Choose Add VPC Connection.
Provide the VPC ID, subnet ID, and security group ID you created earlier.
You can leave DNS resolver endpoints empty unless you have a private DNS deployment in the VPC.

You have now enabled QuickSight to access a subnet in your VPC. The following diagram shows the infrastructure you deployed.

Quicksight-ENI-VPC-Deployment

Set up the data source infrastructure

You can choose from multiple possible deployment models when connecting Amazon Redshift or Amazon RDS. In the following sections, we walk you through how you can achieve each solution and when to use each one. For the rest of this post, we refer to Amazon Redshift and Amazon RDS as the data source.

VPC peering

A VPC peering connection is a networking connection between two VPCs that enables you to route traffic between them using private addresses. Instances in either VPC can communicate with each other as if they’re within the same network. This model is suitable for when the two accounts aren’t in the same AWS Organizations organization or Region, or are in the same organization but there is no AWS Transit Gateway attachment to the data source VPC. In this section, we create a network path between the QuickSight VPC and the data source VPC.

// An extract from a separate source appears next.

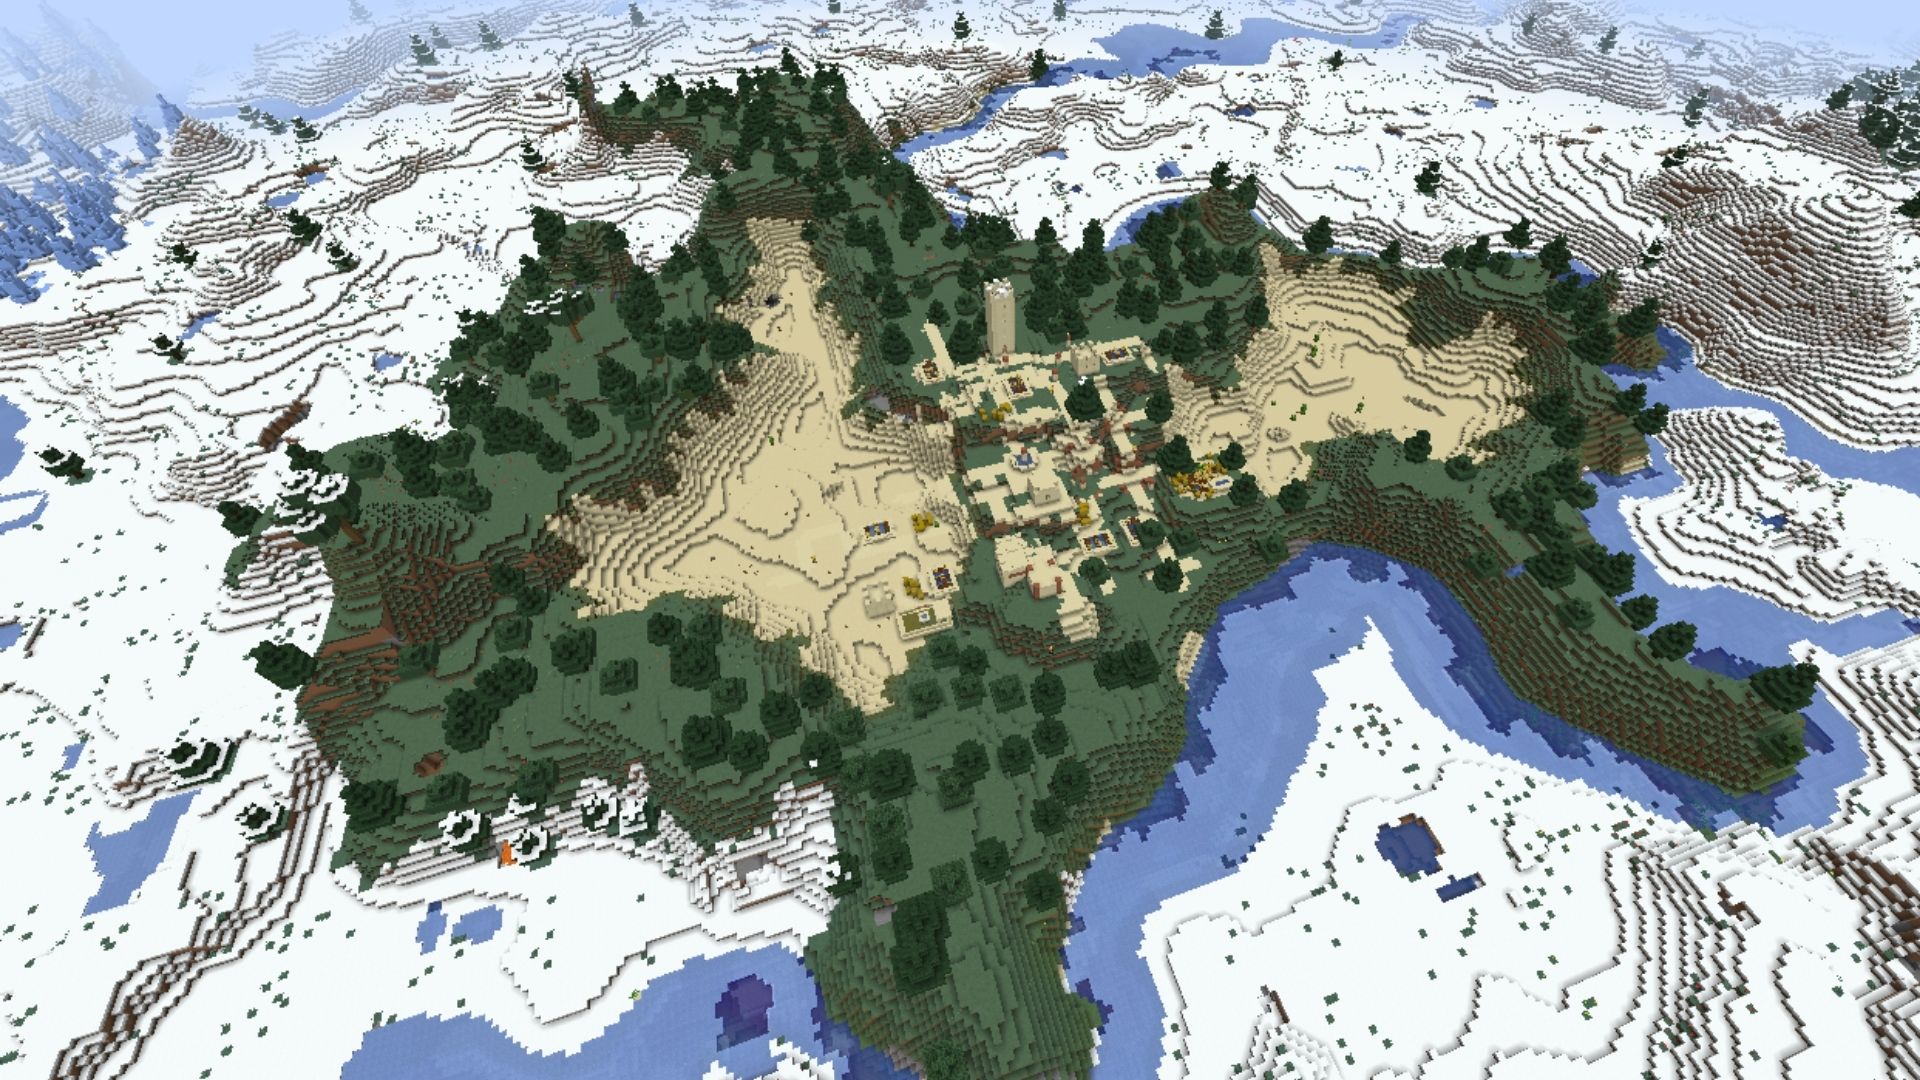 หมู่บ้านทะเลทรายที่ซ่อนอยู่ใน Minecraft ล้อมรอบด้วยน้ำ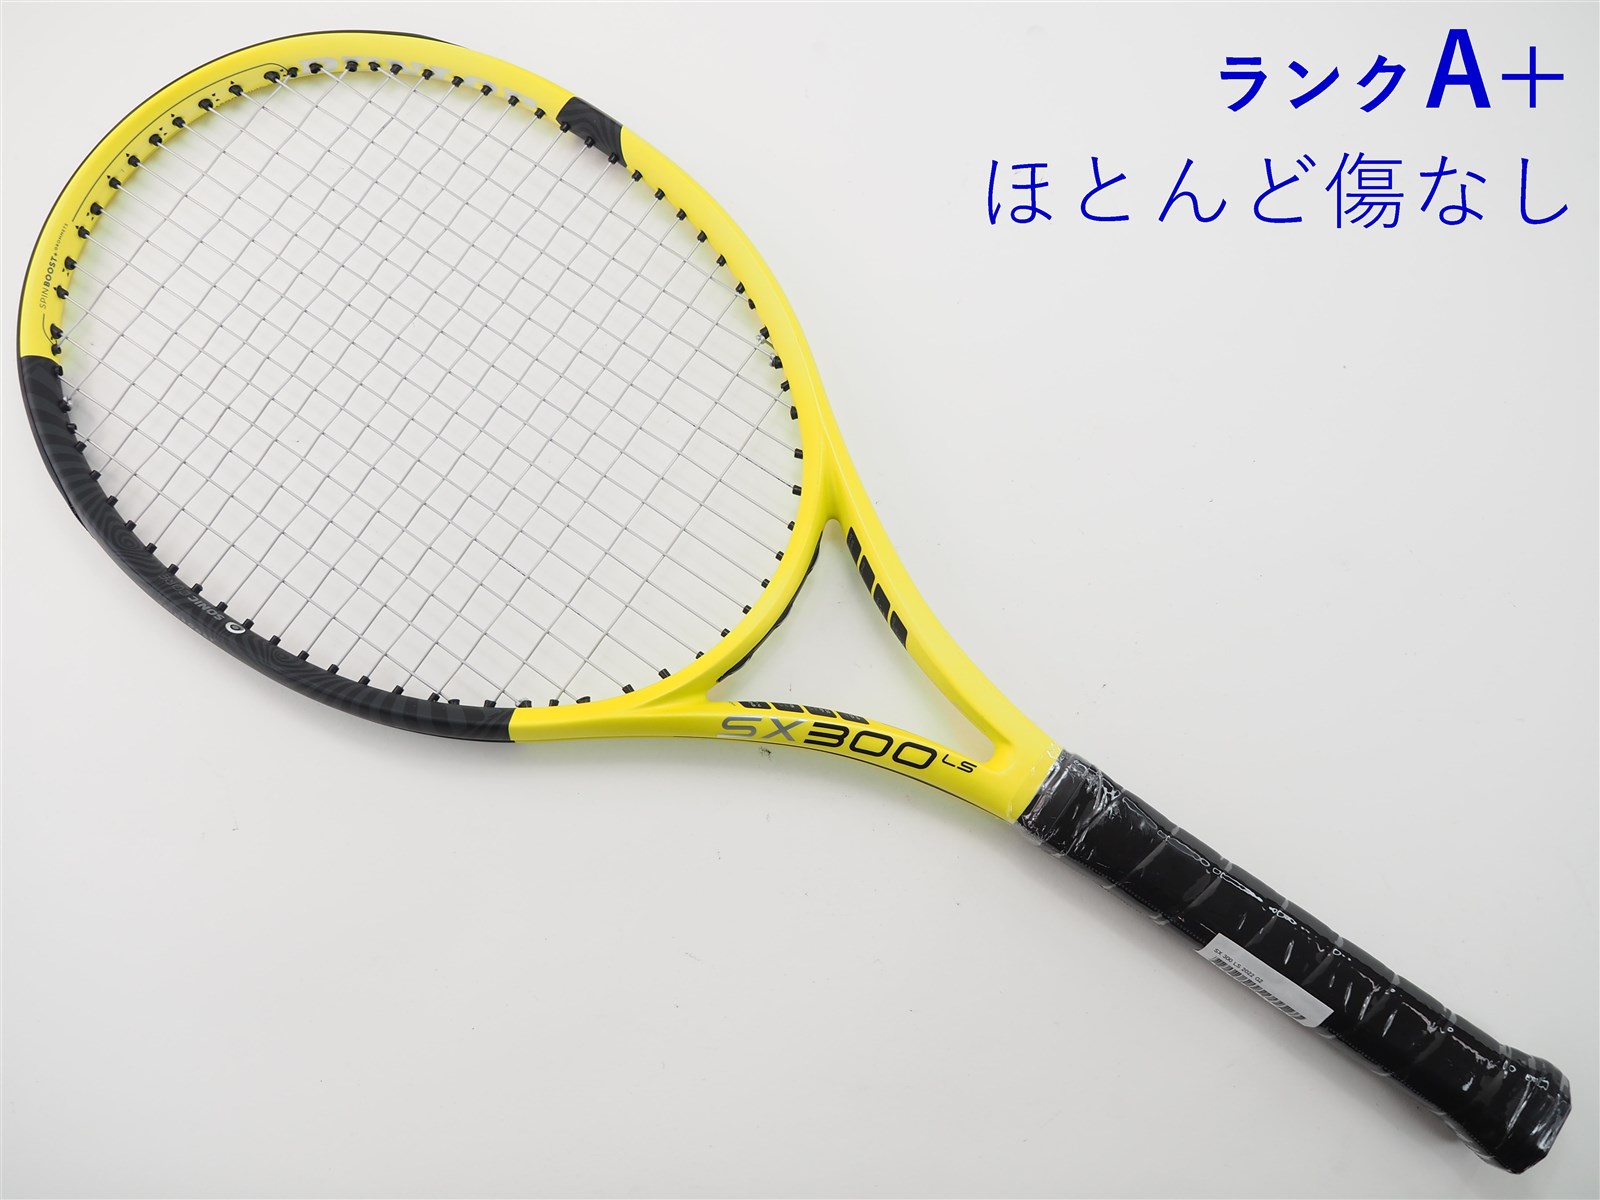 テニスラケット ダンロップ エスエックス300 エルエス 2019年モデル (G2)DUNLOP SX300 LS 2019

Create a VPC peering between the two VPCs. For instructions, see Creating and accepting a VPC peering connection.
To use the hostname of the data source, you need to enable the DNS resolution for the peering connection at the requester and accepter of the peering connection. The DNS resolution must also be enabled at bot VPCs for this to work.

Run the following commands to enable the DNS resolution (depending on which account or Region the peering connection is initiated in, you need to run one command in the requester account or Region and the other in the accepter account or Region)

aws ec2 modify-vpc-peering-connection-options \
    --vpc-peering-connection-id your peering connection id \
    --accepter-peering-connection-options \ 
'{"AllowDnsResolutionFromRemoteVpc":true}'

aws ec2 modify-vpc-peering-connection-options \
    --vpc-peering-connection-id your peering connection id \
    --requester-peering-connection-options \ 
'{"AllowDnsResolutionFromRemoteVpc":true}'

Update the route tables in both the QuickSight VPC and data source VPC to route network traffic between them:

aws ec2 create-route \
    --route-table-id amazon quicksight subnet route table id\
    --destination-cidr-block data source vpc cidr \
    --vpc-peering-connection-id the id of the peering you created above

aws ec2 create-route \
    --route-table-id data source subnet route table id\
    --destination-cidr-block quicksight vpc cidr \
    --vpc-peering-connection-id the id of the peering you created above

Finally, you update the security groups for both QuickSight and the data source to allow traffic. If both VPCs are in the same Region, you can reference the security group instead of the CIDR of either data source or the QuickSight subnet.

In the QuickSight AWS account, run the following command:

aws ec2 authorize-security-group-ingress \
    --group-id quicksight security group \
    --ip-permissions \ 
IpProtocol=tcp,FromPort=0,ToPort=65535,IpRanges=[{CidrIp=data source subnet CIDR}]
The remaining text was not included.